Task details
When you reach the line with "Brock Lesnar emerged" in the listing below, transcribe it and each line after it up to and including the line with "A sled dog takes", exactly and with nothing else.

Material provided
=====

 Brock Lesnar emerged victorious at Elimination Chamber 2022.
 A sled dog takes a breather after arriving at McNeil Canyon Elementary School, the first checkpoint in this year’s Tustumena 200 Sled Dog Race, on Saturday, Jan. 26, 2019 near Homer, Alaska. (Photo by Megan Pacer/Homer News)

=====

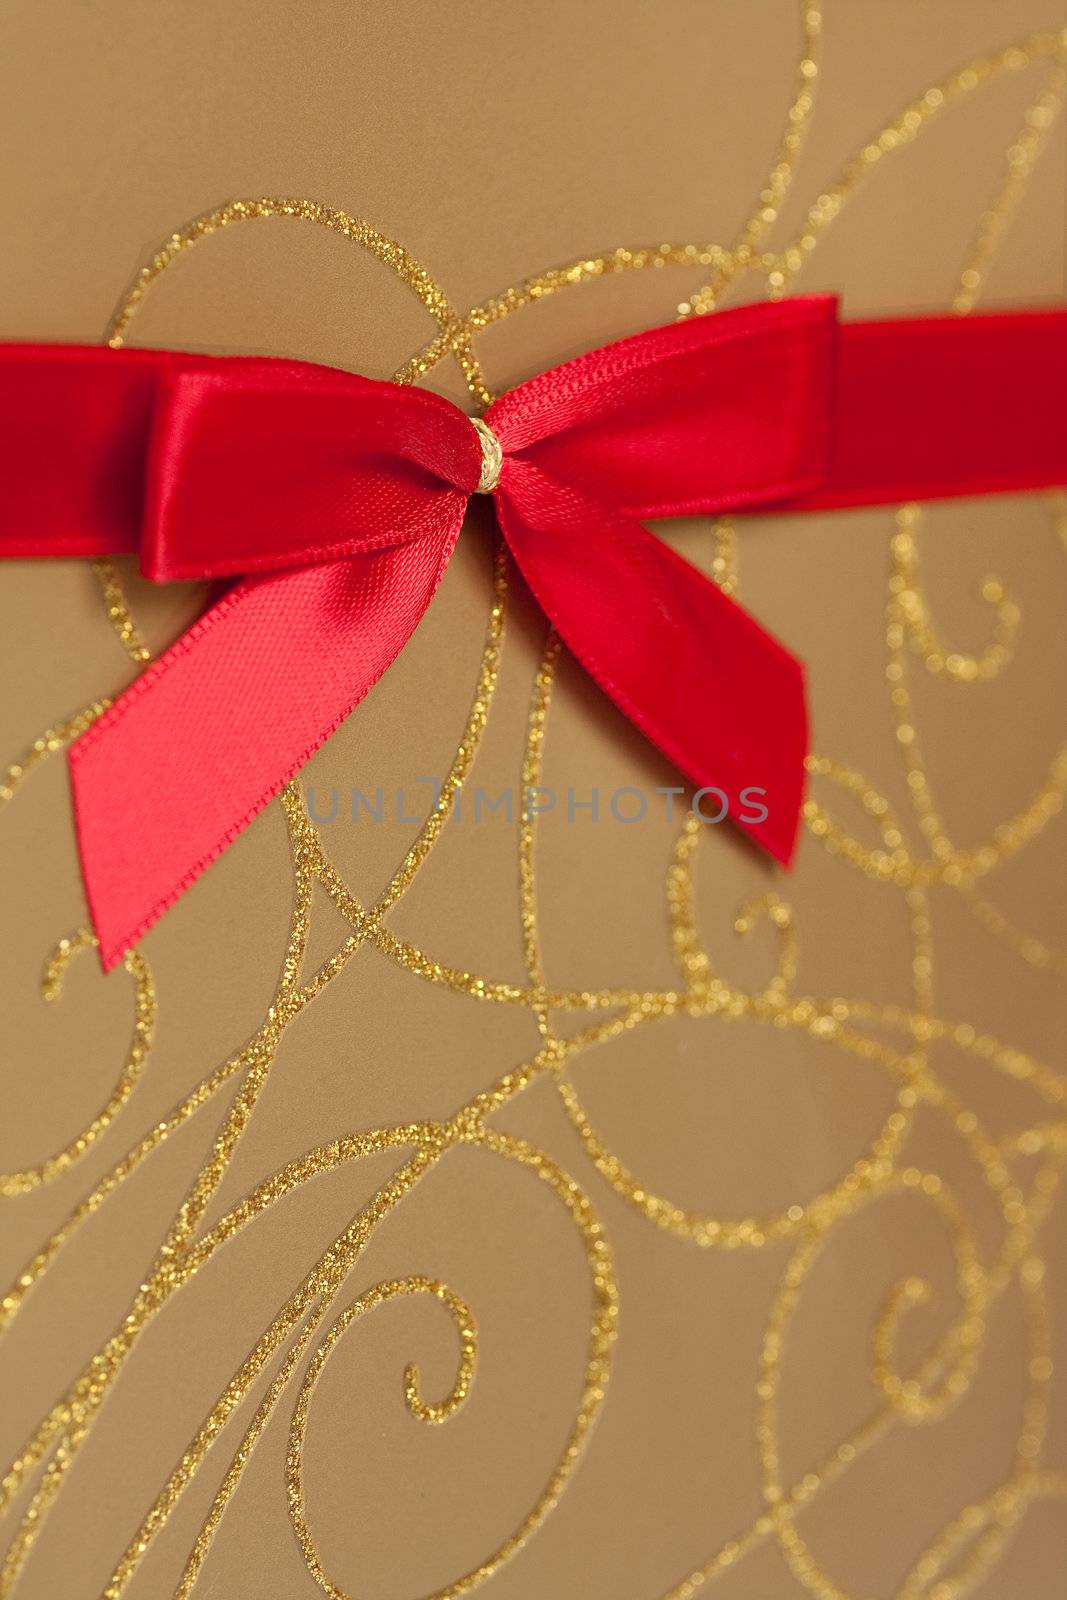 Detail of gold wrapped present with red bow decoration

=====

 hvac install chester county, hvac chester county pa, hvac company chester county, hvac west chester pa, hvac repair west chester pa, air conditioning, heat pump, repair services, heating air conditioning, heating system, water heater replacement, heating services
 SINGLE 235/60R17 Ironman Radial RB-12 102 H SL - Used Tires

=====

Task answer
 Brock Lesnar emerged victorious at Elimination Chamber 2022.
 A sled dog takes a breather after arriving at McNeil Canyon Elementary School, the first checkpoint in this year’s Tustumena 200 Sled Dog Race, on Saturday, Jan. 26, 2019 near Homer, Alaska. (Photo by Megan Pacer/Homer News)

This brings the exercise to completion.